First up is this bit at the beginning of that test script:

-- wait to let any prior tests finish dumping out stats;
-- else our messages might get lost due to contention
SELECT pg_sleep_for('2 seconds');

The stated concern isn't really all that plausible, since even if we
launch a batch of test scripts at once, they don't all finish at once,
so there's unlikely to be a big pileup of traffic to the stats collector.
But we don't have to take that on faith: in assert-enabled builds,
pgstat_send() logs any failure to send a stats message.

I have grepped the buildfarm logs for "could not send to statistics
collector" log messages during the "make check" stage (a total of 754313
runs dating back ten years).  What I find is that members mereswine and
gull occasionally report "Network is down", and a few times currawong and
thrips have complained "Invalid argument", and there are exactly no other
such messages.  In particular there are no EAGAIN or EWOULDBLOCK failures
that would suggest congestion on the stats collector's input.  So this
is basically not something that happens at all in the regression tests,
let alone during startup of the stats test in particular.

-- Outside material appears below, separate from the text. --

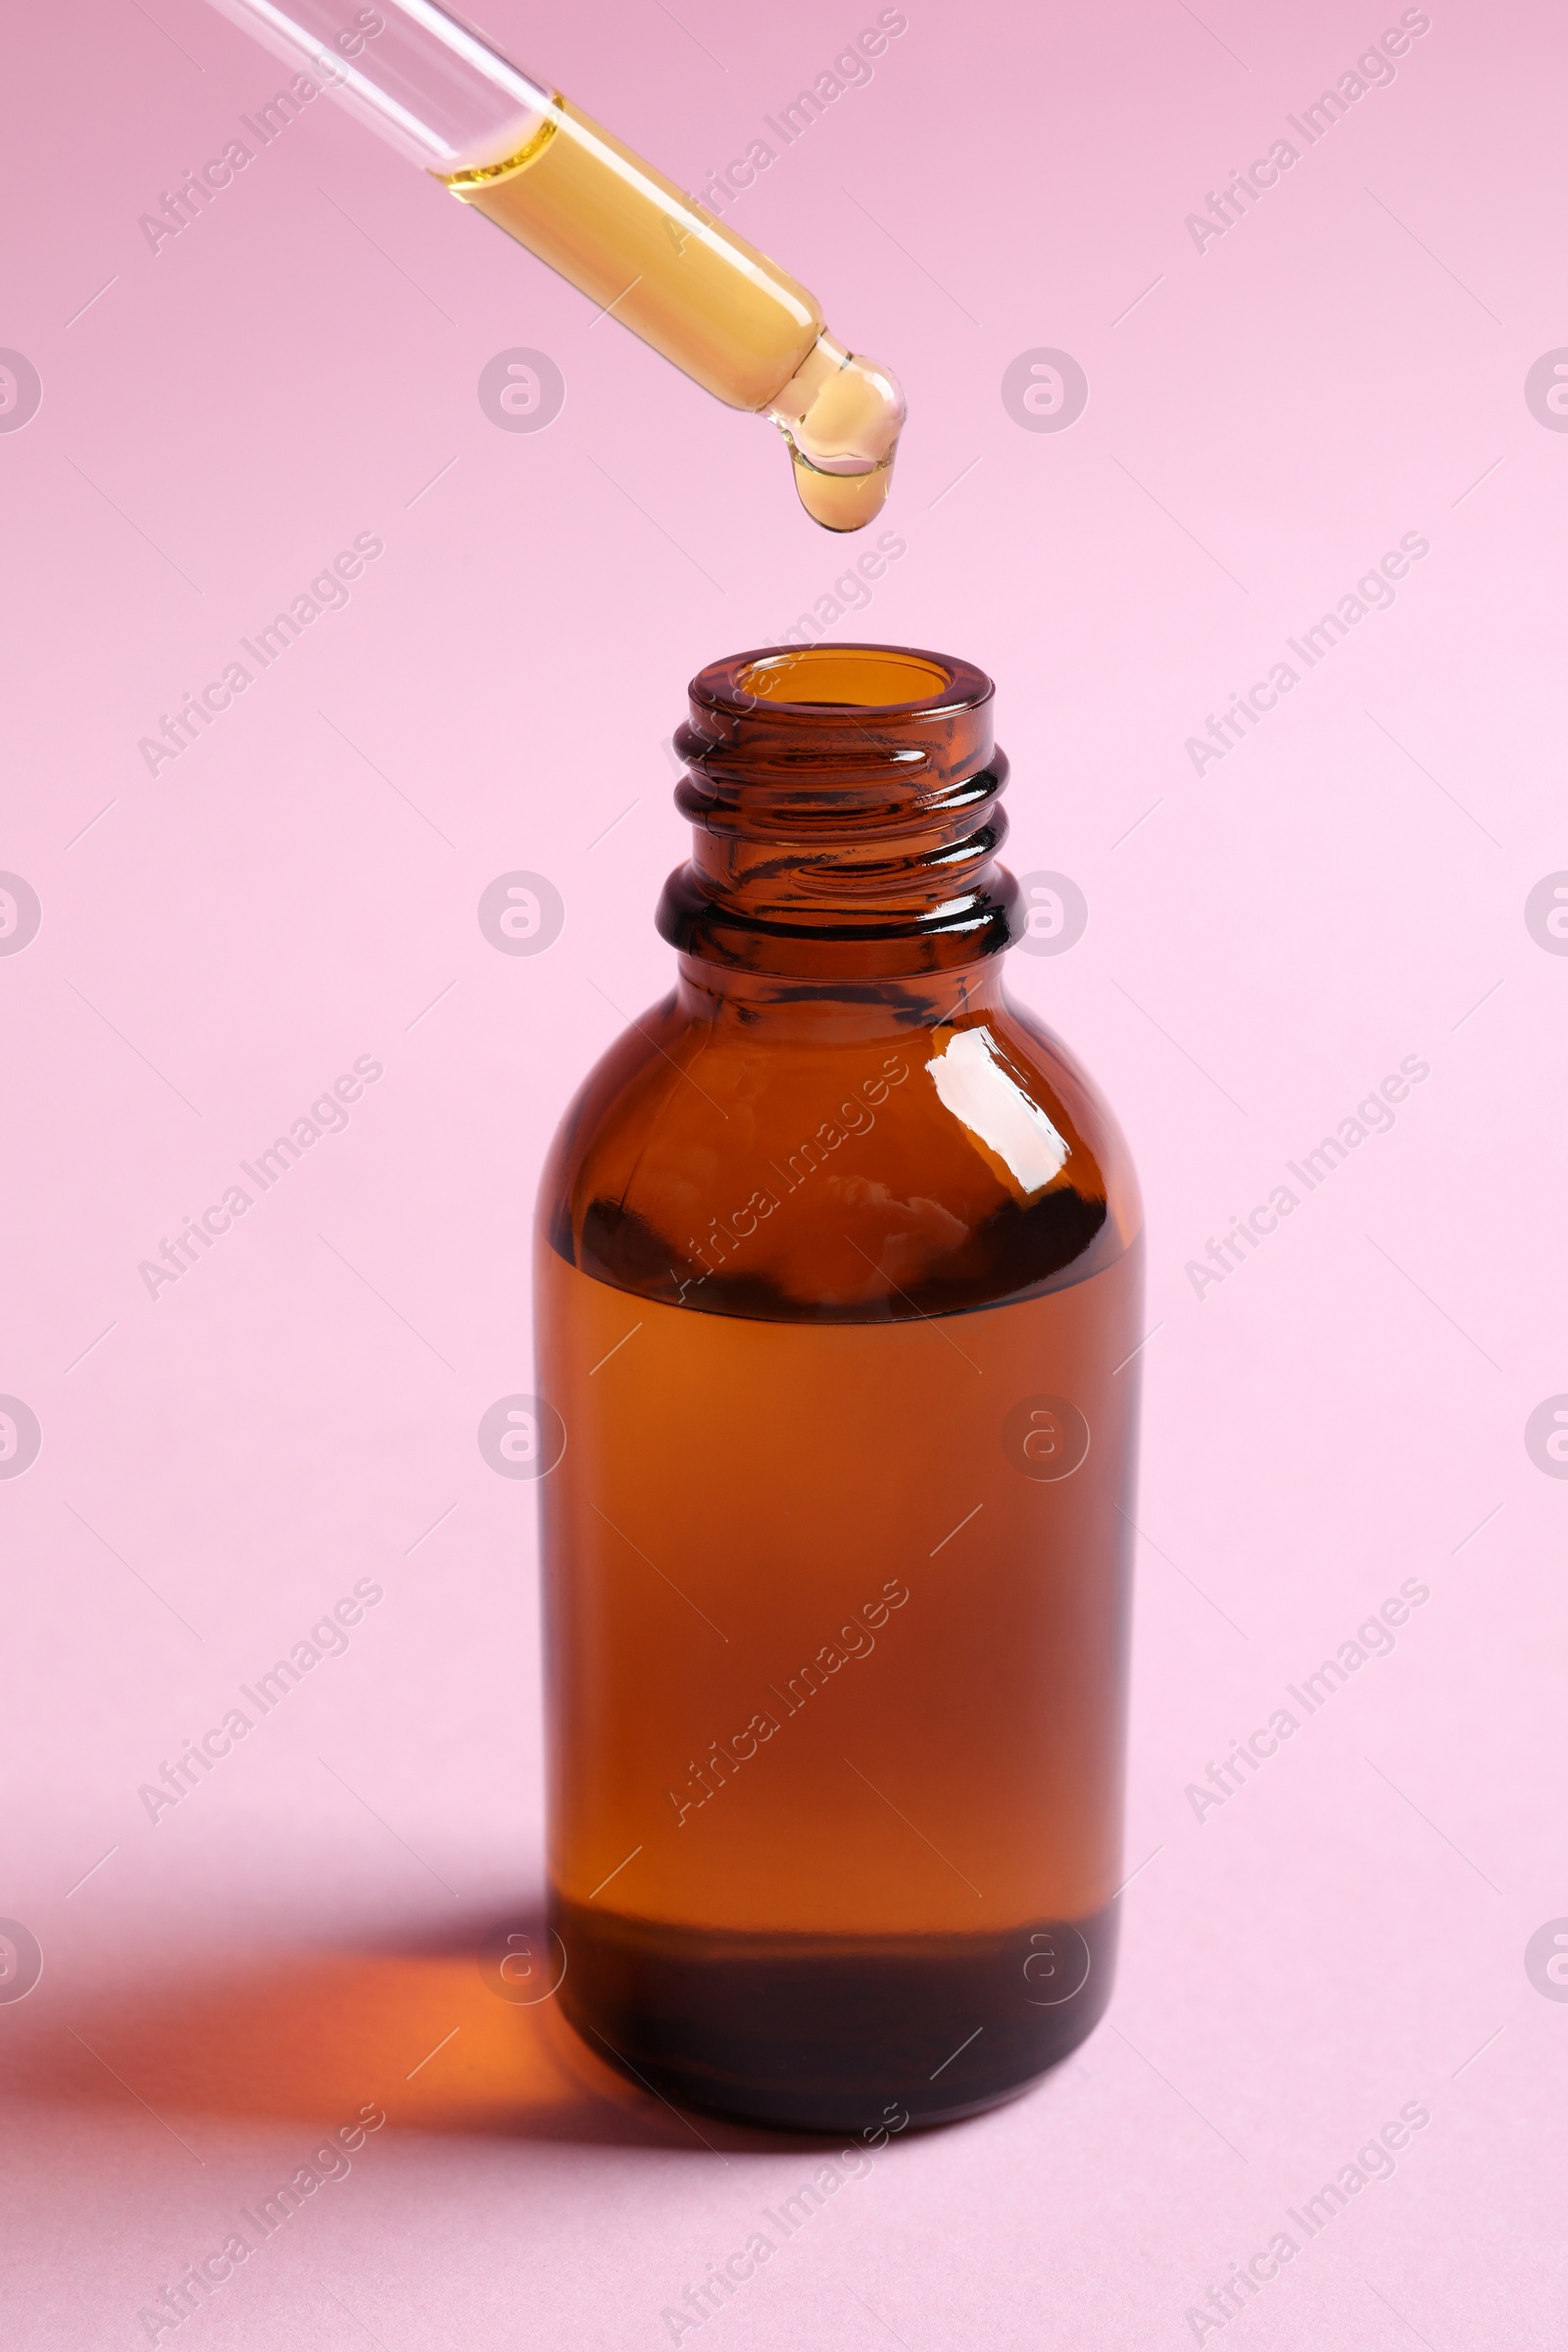 Photo of Dripping cosmetic oil from pipette into bottle on pink background

Now, another failure mechanism that could conceivably be ameliorated
by this initial wait is if one of the immediately preceding runs has
performed a scan on tenk2 but doesn't manage to transmit that info before
stats.sql creates its initial copy of the stats counts.  Then when that
count does get sent, it could look like one triggered by stats.sql itself,
fooling the test.  But that seems rather unlikely, because tenk2 isn't
touched by very many test scripts.  And even if it did happen that would
not cause an observed test failure; at worst it would obscure a failure
that we should have detected.  I'm doubtful that this is worth losing any
sleep over.

In short, I think we could just drop the above wait altogether,
and be no worse off.  The only useful thing it's doing for us is
exercising pg_sleep_for(), which is otherwise untested ... but we
can transfer that responsibility into wait_for_stats().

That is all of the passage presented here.